# Police take over Web site to catch online drug buyers



## Mudge (Oct 15, 2004)

Posted on cuttingedgemuscle by JGUNS


Police take over Web site to catch online drug buyers
By REID J. EPSTEIN
repstein@journalsentinel.com
Posted: Oct. 13, 2004
When Rhinelander police busted a man on suspicion of possessing cocaine he bought over the Internet, the usual course of action would have been to end the investigation after finding the source of the drugs.



But in a tactic authorities called one of the first of its kind in Wisconsin, federal investigators joined the case. They not only found what they believe was the drug source, but they adopted the accused online drug dealer's persona in order to catch his customers.

The new strategy, called sanctions-based demand reduction, was spearheaded by former Deputy Attorney General Larry D. Thompson, and it has gone into use here in the last six months, said J.B. Van Hollen, the U.S. attorney for the Western District of Wisconsin.

According to the charges against the man authorities identified as the online dealer, Thomaz W. Franzl, 27, of Chicago had a menu of 13 different substances that ranged from common prescription drugs, such as Ritalin and Percocet, to cocaine and methamphetamine.
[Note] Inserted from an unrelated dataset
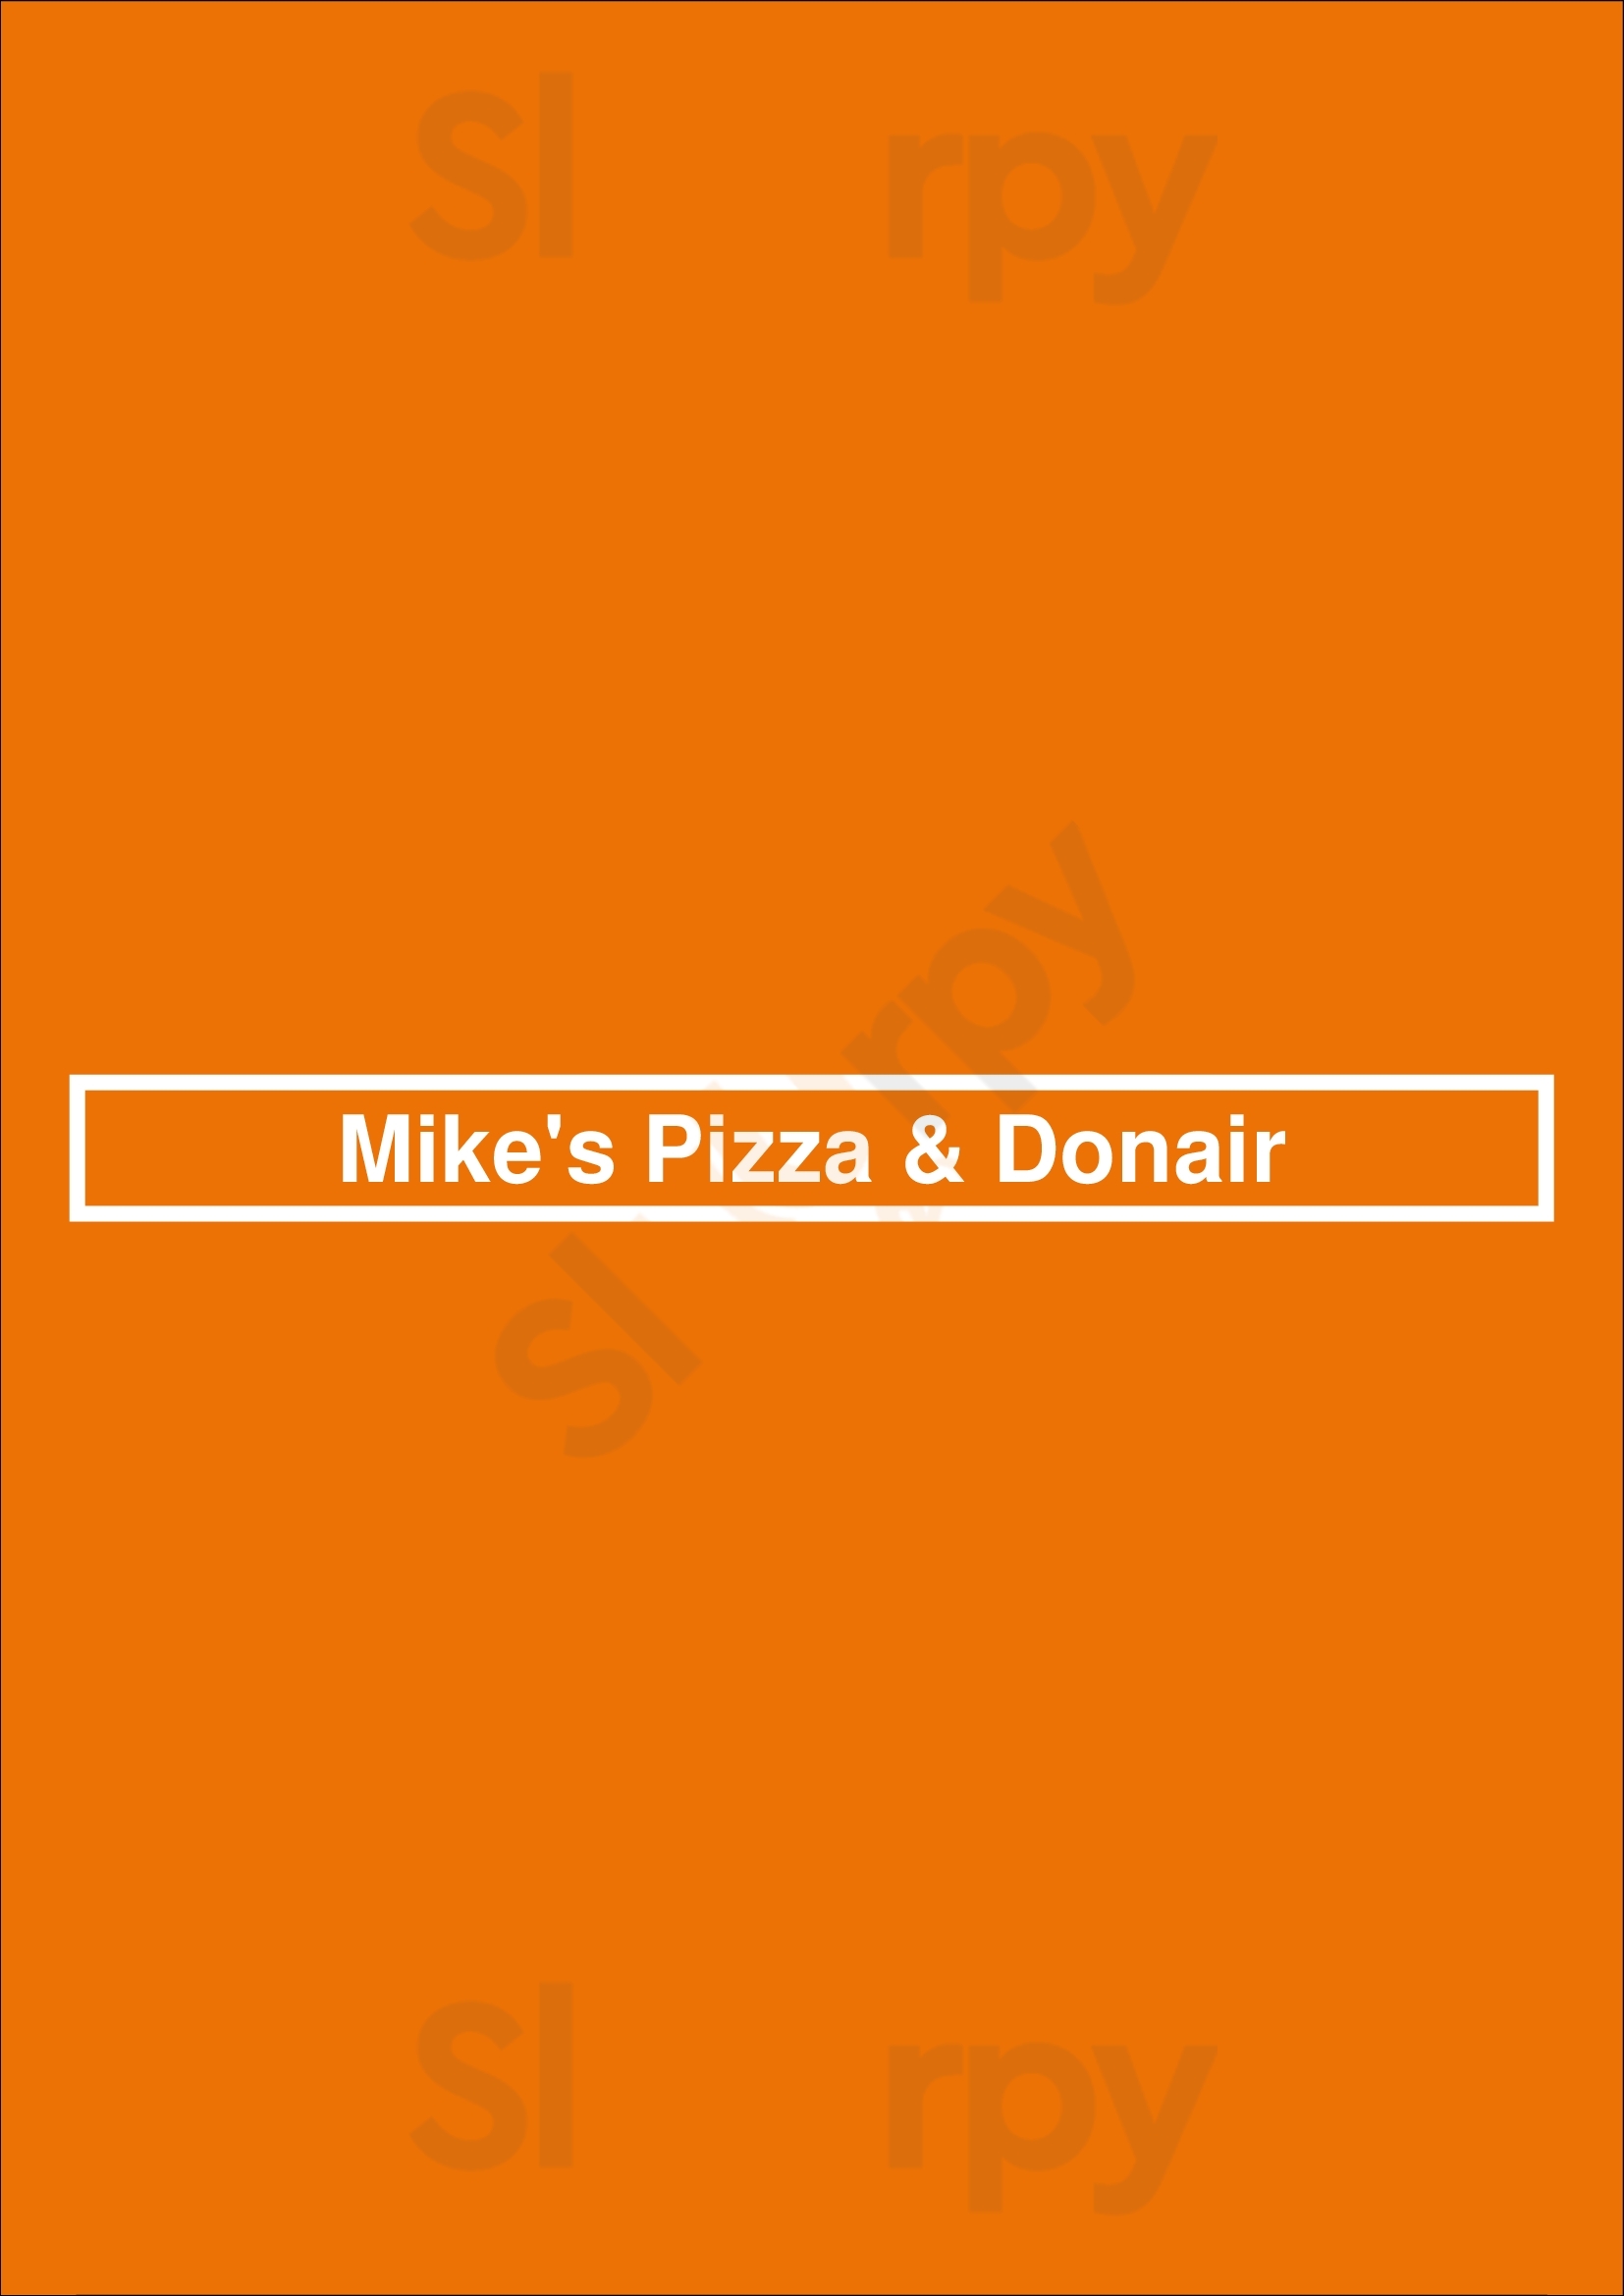 Mike's Pizza & Donair London Menu - 1

The Rhinelander man who became an informant after he was arrested used his credit cards to purchase more than $6,000 in cocaine, OxyContin and Ketamine from Franzl between October 2003 and June 2004, according to an affidavit filed in federal court in Madison last month.

"Before, we probably would have just taken Mr. Franzl and closed down the site and not done anything further," Van Hollen said. "We wouldn't have gone down the ladder to figure out who some of his buyers are."

But in this case, the first involving Internet drug sales in the federal court's Western District - roughly the western two-thirds of the state - authorities from the federal Drug Enforcement Administration and the North Central Drug Enforcement Group, a conglomerate of several northern Wisconsin law enforcement agencies, pretended to fill Internet orders.

Prosecuting drug users has been primarily the responsibility of local and state law enforcement agencies, while federal authorities concentrated on kingpins and big-time dealers. But foreign countries that the government has been pressuring to curb their drug exports have responded that the United States is not limiting drug demand, Van Hollen said.

Because Franzl's alleged illegal operation used the Internet, federal prosecutors were able to increase the charges against his suspected customers. On Oct. 6 a federal grand jury in Madison indicted nine of Franzl's would-be customers not only on an attempted drug possession charge, which carries a sentence of up to one year, but also with one count of using the Internet to facilitate the unlawful distribution of a controlled substances. That charge has a maximum four-year sentence.

Mostly professionals
The accused customers were mostly white-collar professionals, according to Tim O'Shea, the federal prosecutor assigned to the case. Authorities said the seven men and two women included a 20-year-old female college student at Ursinus College in Pennsylvania who ordered Ritalin and Adderall; a 26-year-old public relations man in Chicago who ordered Ketamine; and a Glendale man who tried to have cocaine delivered to the house he shares with his parents.

The nine people charged have been ordered to appear in court in Madison but have not been arrested because they are not considered flight risks, O'Shea said.

They are:

Thomas Bronson, 46, of Somerville, Mass.; Steven Cornute, 21, of North Hills, Calif.; Ashley Hans, 20, of Collegeville, Pa.; Matthew Harper, 27, of Nashville, Tenn.; Jonathan Houlihan, 31, of Glendale; Brandon Jenkins, 21, of Scenery Hill, Pa.; Dane Kinchen, 20, of Richmond, Va.; Vince LaConte, 28, of Chicago; and Nicole Sears, 26, of West Sacramento, Calif.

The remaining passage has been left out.